The Emperor With No Clothes.

The stronger the language used by these certain anti-modern-West individuals to describe the colossally stupid and (self-)destructive nature of the modern West (where "self-destructive" entails literal destruction of our society and tyranny over our fellow citizens), the closer they come to crossing the Thin Blue Line separating them from Breivik.

Thus, for example, take a gander at Lawrence Auster's latest excoriation of modern liberal Norway, which epitomizes the West at its worst. Auster begins by quoting Adrian Pracon, a youth leader at the Utoya camp who survived Anders Breivik’s rampage by playing dead:

“Some of my friends tried to stop [Breivik] by talking to him.
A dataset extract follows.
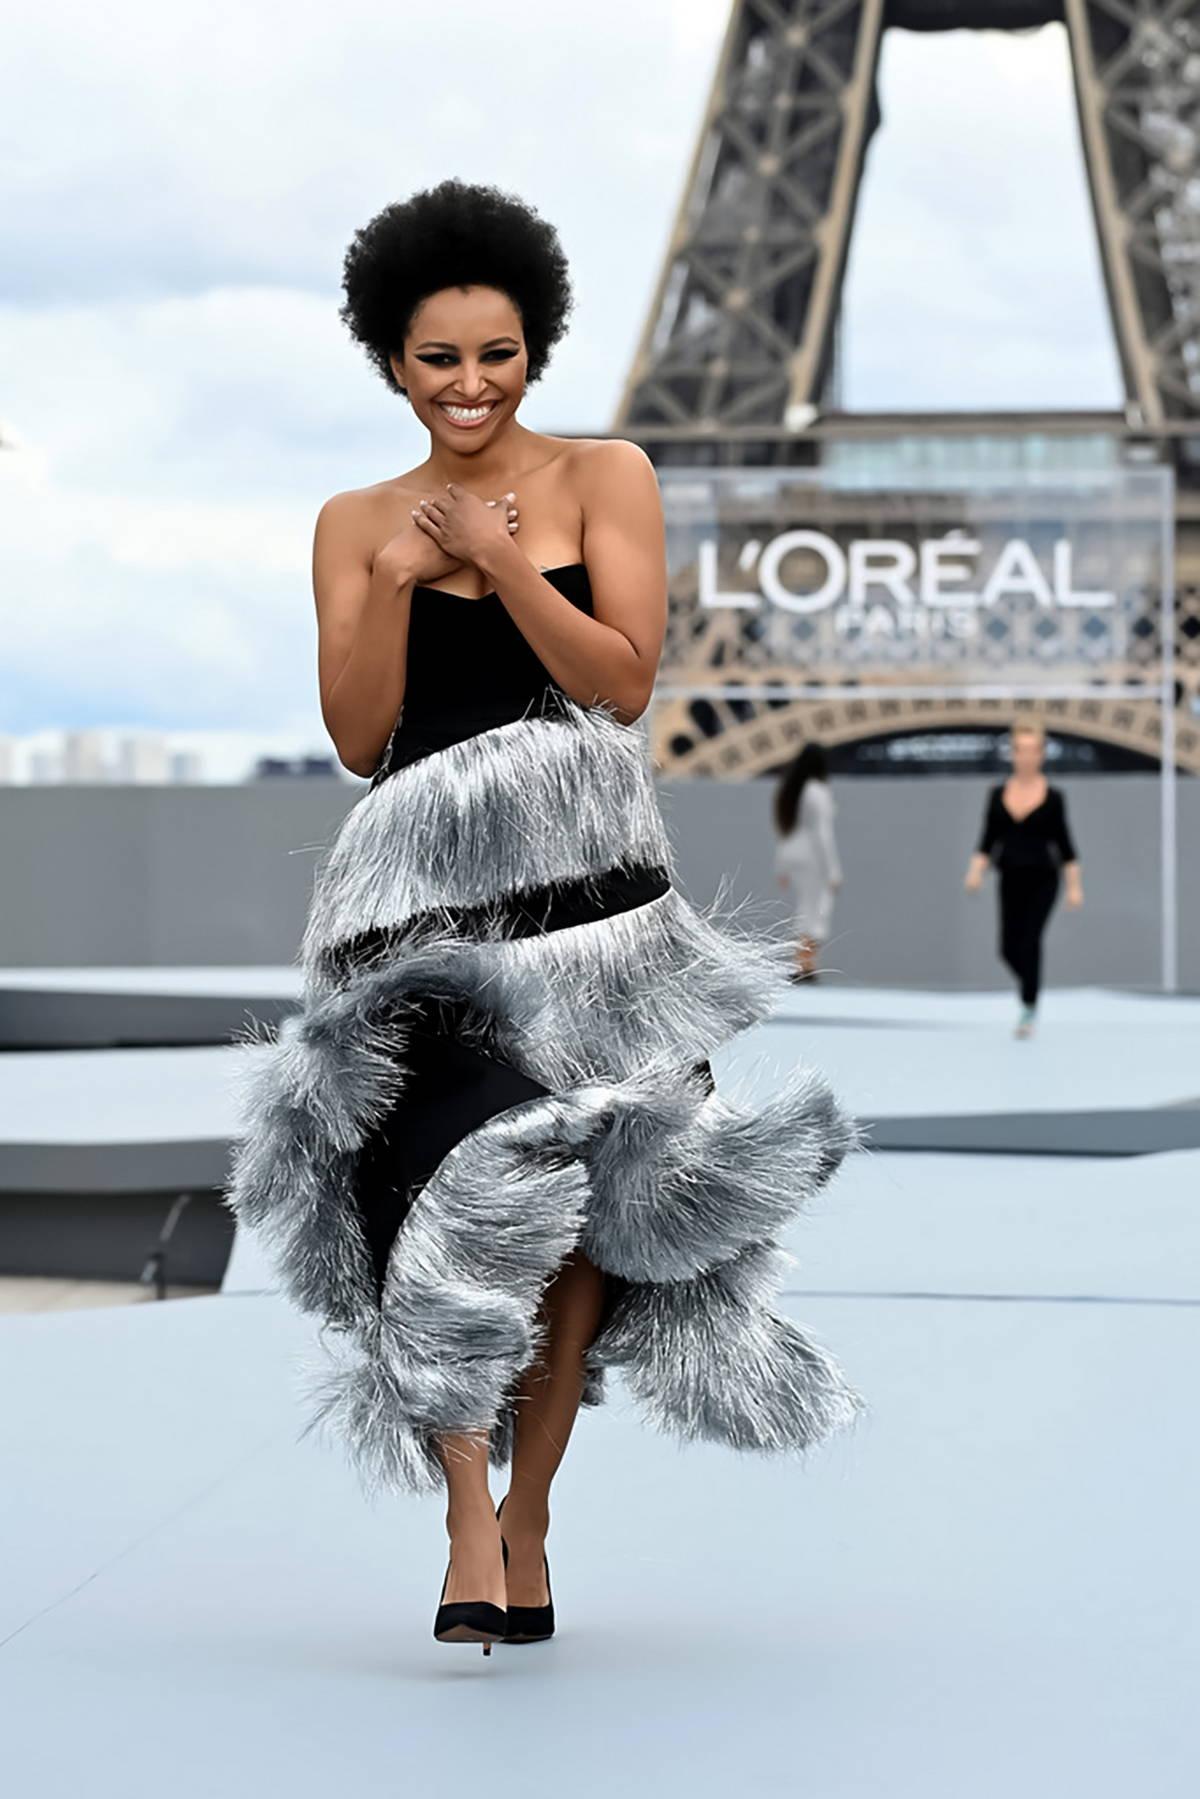 kat graham walks the runway for the le defile l'oreal paris 2021 show during paris fashion week in paris, france-031021_4

Many people think on the island that it was a test … comparing it to how it is to live in Gaza. So many people went to him and tried to talk to him, but they were shot immediately.”

And goes on to say:


"The man was systematically shooting people dead, so others of his intended victims walked up to him and tried to talk him out of it? There’s the Norway philosophy for you! All evil can be ended by talking with it. Or, rather, evil doesn’t exist. There are only misunderstandings, which can be resolved by rational dialogue.

"How appropriate that the country which believes in that philosophy gave the name of its capital to the famous “peace process” in which it was imagined that people whose sadistic god commands the destruction of Israel would be willing to live in peace with Israel. And how appropriate that the same youth camp members who tried to talk with Breivik, even as he was mass murdering their friends, also believed that Breivik was behaving as Israel does to the Palestinians.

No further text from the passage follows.